··· Data shown ···

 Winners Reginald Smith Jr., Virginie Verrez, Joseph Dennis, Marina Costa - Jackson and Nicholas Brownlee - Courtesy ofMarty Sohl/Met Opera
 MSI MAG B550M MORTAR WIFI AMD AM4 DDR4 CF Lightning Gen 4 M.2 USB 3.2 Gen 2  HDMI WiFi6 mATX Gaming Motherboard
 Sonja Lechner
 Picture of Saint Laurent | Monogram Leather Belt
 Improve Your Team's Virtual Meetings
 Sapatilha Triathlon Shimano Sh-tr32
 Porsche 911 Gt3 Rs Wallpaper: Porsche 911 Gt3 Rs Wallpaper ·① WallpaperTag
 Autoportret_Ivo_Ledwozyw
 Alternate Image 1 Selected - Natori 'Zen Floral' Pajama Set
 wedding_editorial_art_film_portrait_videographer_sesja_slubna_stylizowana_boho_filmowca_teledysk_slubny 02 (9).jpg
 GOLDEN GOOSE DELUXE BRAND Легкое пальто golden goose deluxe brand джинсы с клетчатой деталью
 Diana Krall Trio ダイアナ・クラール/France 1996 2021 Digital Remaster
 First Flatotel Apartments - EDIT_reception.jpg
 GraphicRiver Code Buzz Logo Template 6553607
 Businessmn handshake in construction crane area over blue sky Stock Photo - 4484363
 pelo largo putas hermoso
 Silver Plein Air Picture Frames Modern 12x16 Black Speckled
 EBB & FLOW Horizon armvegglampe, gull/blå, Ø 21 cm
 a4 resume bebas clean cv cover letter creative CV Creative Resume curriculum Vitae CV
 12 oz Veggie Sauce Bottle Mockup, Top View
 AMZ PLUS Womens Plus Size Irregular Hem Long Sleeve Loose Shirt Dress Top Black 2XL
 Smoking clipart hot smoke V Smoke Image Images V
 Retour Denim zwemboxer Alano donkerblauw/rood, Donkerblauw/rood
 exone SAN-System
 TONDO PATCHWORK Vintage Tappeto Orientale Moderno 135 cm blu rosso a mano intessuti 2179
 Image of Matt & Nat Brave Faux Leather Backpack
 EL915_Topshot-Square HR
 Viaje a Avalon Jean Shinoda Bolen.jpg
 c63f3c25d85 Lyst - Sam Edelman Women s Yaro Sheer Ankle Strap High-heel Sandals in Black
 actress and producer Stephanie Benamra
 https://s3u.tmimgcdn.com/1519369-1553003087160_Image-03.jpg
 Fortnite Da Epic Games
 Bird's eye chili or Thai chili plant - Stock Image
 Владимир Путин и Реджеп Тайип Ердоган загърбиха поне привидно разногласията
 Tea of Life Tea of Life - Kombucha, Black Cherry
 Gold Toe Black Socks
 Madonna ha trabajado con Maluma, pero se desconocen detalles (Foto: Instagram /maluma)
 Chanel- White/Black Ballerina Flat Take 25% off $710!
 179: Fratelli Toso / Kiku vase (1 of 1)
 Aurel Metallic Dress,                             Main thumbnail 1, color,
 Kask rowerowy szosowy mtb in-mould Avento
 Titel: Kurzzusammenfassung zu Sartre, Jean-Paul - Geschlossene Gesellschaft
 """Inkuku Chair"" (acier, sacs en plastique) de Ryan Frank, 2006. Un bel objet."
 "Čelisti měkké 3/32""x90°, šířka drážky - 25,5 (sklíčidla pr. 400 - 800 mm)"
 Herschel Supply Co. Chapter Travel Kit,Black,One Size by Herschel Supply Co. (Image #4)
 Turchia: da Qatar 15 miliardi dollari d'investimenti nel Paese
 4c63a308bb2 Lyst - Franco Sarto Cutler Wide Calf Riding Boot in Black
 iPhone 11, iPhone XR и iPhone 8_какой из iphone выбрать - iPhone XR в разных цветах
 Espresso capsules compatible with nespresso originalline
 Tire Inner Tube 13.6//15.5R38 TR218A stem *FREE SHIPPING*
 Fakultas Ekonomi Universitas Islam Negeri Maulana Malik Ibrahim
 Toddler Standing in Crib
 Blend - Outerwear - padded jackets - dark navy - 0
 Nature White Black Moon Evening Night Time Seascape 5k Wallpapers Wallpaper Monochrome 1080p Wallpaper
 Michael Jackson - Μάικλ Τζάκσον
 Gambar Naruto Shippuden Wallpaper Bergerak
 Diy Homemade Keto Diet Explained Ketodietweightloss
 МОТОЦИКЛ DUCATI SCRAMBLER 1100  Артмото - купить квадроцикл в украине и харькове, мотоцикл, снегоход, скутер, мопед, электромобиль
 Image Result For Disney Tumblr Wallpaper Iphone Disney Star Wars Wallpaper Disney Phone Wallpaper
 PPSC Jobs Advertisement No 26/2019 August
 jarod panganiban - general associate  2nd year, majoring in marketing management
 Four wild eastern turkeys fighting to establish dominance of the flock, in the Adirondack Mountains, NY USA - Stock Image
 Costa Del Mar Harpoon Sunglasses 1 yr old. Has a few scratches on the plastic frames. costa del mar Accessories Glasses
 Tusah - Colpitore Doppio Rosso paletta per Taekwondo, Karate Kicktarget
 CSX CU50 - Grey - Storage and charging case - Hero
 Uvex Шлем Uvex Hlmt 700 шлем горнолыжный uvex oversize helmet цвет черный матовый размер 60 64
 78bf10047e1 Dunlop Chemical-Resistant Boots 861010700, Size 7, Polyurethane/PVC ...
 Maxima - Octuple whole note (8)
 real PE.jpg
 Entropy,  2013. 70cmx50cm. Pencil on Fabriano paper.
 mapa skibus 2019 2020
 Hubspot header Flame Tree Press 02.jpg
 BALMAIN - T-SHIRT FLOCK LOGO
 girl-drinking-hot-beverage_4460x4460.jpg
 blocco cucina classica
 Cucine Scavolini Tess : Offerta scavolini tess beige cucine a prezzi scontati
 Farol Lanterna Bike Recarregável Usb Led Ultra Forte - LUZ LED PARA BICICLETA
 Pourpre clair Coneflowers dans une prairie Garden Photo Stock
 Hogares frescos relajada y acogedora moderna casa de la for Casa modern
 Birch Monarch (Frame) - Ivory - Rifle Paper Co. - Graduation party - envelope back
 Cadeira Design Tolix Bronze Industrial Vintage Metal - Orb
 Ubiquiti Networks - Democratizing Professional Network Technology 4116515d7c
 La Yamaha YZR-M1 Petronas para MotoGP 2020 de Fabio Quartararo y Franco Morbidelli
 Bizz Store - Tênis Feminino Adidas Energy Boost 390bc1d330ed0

···

Output the entire listing exactly, including each line.

 Winners Reginald Smith Jr., Virginie Verrez, Joseph Dennis, Marina Costa - Jackson and Nicholas Brownlee - Courtesy ofMarty Sohl/Met Opera
 MSI MAG B550M MORTAR WIFI AMD AM4 DDR4 CF Lightning Gen 4 M.2 USB 3.2 Gen 2  HDMI WiFi6 mATX Gaming Motherboard
 Sonja Lechner
 Picture of Saint Laurent | Monogram Leather Belt
 Improve Your Team's Virtual Meetings
 Sapatilha Triathlon Shimano Sh-tr32
 Porsche 911 Gt3 Rs Wallpaper: Porsche 911 Gt3 Rs Wallpaper ·① WallpaperTag
 Autoportret_Ivo_Ledwozyw
 Alternate Image 1 Selected - Natori 'Zen Floral' Pajama Set
 wedding_editorial_art_film_portrait_videographer_sesja_slubna_stylizowana_boho_filmowca_teledysk_slubny 02 (9).jpg
 GOLDEN GOOSE DELUXE BRAND Легкое пальто golden goose deluxe brand джинсы с клетчатой деталью
 Diana Krall Trio ダイアナ・クラール/France 1996 2021 Digital Remaster
 First Flatotel Apartments - EDIT_reception.jpg
 GraphicRiver Code Buzz Logo Template 6553607
 Businessmn handshake in construction crane area over blue sky Stock Photo - 4484363
 pelo largo putas hermoso
 Silver Plein Air Picture Frames Modern 12x16 Black Speckled
 EBB & FLOW Horizon armvegglampe, gull/blå, Ø 21 cm
 a4 resume bebas clean cv cover letter creative CV Creative Resume curriculum Vitae CV
 12 oz Veggie Sauce Bottle Mockup, Top View
 AMZ PLUS Womens Plus Size Irregular Hem Long Sleeve Loose Shirt Dress Top Black 2XL
 Smoking clipart hot smoke V Smoke Image Images V
 Retour Denim zwemboxer Alano donkerblauw/rood, Donkerblauw/rood
 exone SAN-System
 TONDO PATCHWORK Vintage Tappeto Orientale Moderno 135 cm blu rosso a mano intessuti 2179
 Image of Matt & Nat Brave Faux Leather Backpack
 EL915_Topshot-Square HR
 Viaje a Avalon Jean Shinoda Bolen.jpg
 c63f3c25d85 Lyst - Sam Edelman Women s Yaro Sheer Ankle Strap High-heel Sandals in Black
 actress and producer Stephanie Benamra
 https://s3u.tmimgcdn.com/1519369-1553003087160_Image-03.jpg
 Fortnite Da Epic Games
 Bird's eye chili or Thai chili plant - Stock Image
 Владимир Путин и Реджеп Тайип Ердоган загърбиха поне привидно разногласията
 Tea of Life Tea of Life - Kombucha, Black Cherry
 Gold Toe Black Socks
 Madonna ha trabajado con Maluma, pero se desconocen detalles (Foto: Instagram /maluma)
 Chanel- White/Black Ballerina Flat Take 25% off $710!
 179: Fratelli Toso / Kiku vase (1 of 1)
 Aurel Metallic Dress,                             Main thumbnail 1, color,
 Kask rowerowy szosowy mtb in-mould Avento
 Titel: Kurzzusammenfassung zu Sartre, Jean-Paul - Geschlossene Gesellschaft
 """Inkuku Chair"" (acier, sacs en plastique) de Ryan Frank, 2006. Un bel objet."
 "Čelisti měkké 3/32""x90°, šířka drážky - 25,5 (sklíčidla pr. 400 - 800 mm)"
 Herschel Supply Co. Chapter Travel Kit,Black,One Size by Herschel Supply Co. (Image #4)
 Turchia: da Qatar 15 miliardi dollari d'investimenti nel Paese
 4c63a308bb2 Lyst - Franco Sarto Cutler Wide Calf Riding Boot in Black
 iPhone 11, iPhone XR и iPhone 8_какой из iphone выбрать - iPhone XR в разных цветах
 Espresso capsules compatible with nespresso originalline
 Tire Inner Tube 13.6//15.5R38 TR218A stem *FREE SHIPPING*
 Fakultas Ekonomi Universitas Islam Negeri Maulana Malik Ibrahim
 Toddler Standing in Crib
 Blend - Outerwear - padded jackets - dark navy - 0
 Nature White Black Moon Evening Night Time Seascape 5k Wallpapers Wallpaper Monochrome 1080p Wallpaper
 Michael Jackson - Μάικλ Τζάκσον
 Gambar Naruto Shippuden Wallpaper Bergerak
 Diy Homemade Keto Diet Explained Ketodietweightloss
 МОТОЦИКЛ DUCATI SCRAMBLER 1100  Артмото - купить квадроцикл в украине и харькове, мотоцикл, снегоход, скутер, мопед, электромобиль
 Image Result For Disney Tumblr Wallpaper Iphone Disney Star Wars Wallpaper Disney Phone Wallpaper
 PPSC Jobs Advertisement No 26/2019 August
 jarod panganiban - general associate  2nd year, majoring in marketing management
 Four wild eastern turkeys fighting to establish dominance of the flock, in the Adirondack Mountains, NY USA - Stock Image
 Costa Del Mar Harpoon Sunglasses 1 yr old. Has a few scratches on the plastic frames. costa del mar Accessories Glasses
 Tusah - Colpitore Doppio Rosso paletta per Taekwondo, Karate Kicktarget
 CSX CU50 - Grey - Storage and charging case - Hero
 Uvex Шлем Uvex Hlmt 700 шлем горнолыжный uvex oversize helmet цвет черный матовый размер 60 64
 78bf10047e1 Dunlop Chemical-Resistant Boots 861010700, Size 7, Polyurethane/PVC ...
 Maxima - Octuple whole note (8)
 real PE.jpg
 Entropy,  2013. 70cmx50cm. Pencil on Fabriano paper.
 mapa skibus 2019 2020
 Hubspot header Flame Tree Press 02.jpg
 BALMAIN - T-SHIRT FLOCK LOGO
 girl-drinking-hot-beverage_4460x4460.jpg
 blocco cucina classica
 Cucine Scavolini Tess : Offerta scavolini tess beige cucine a prezzi scontati
 Farol Lanterna Bike Recarregável Usb Led Ultra Forte - LUZ LED PARA BICICLETA
 Pourpre clair Coneflowers dans une prairie Garden Photo Stock
 Hogares frescos relajada y acogedora moderna casa de la for Casa modern
 Birch Monarch (Frame) - Ivory - Rifle Paper Co. - Graduation party - envelope back
 Cadeira Design Tolix Bronze Industrial Vintage Metal - Orb
 Ubiquiti Networks - Democratizing Professional Network Technology 4116515d7c
 La Yamaha YZR-M1 Petronas para MotoGP 2020 de Fabio Quartararo y Franco Morbidelli
 Bizz Store - Tênis Feminino Adidas Energy Boost 390bc1d330ed0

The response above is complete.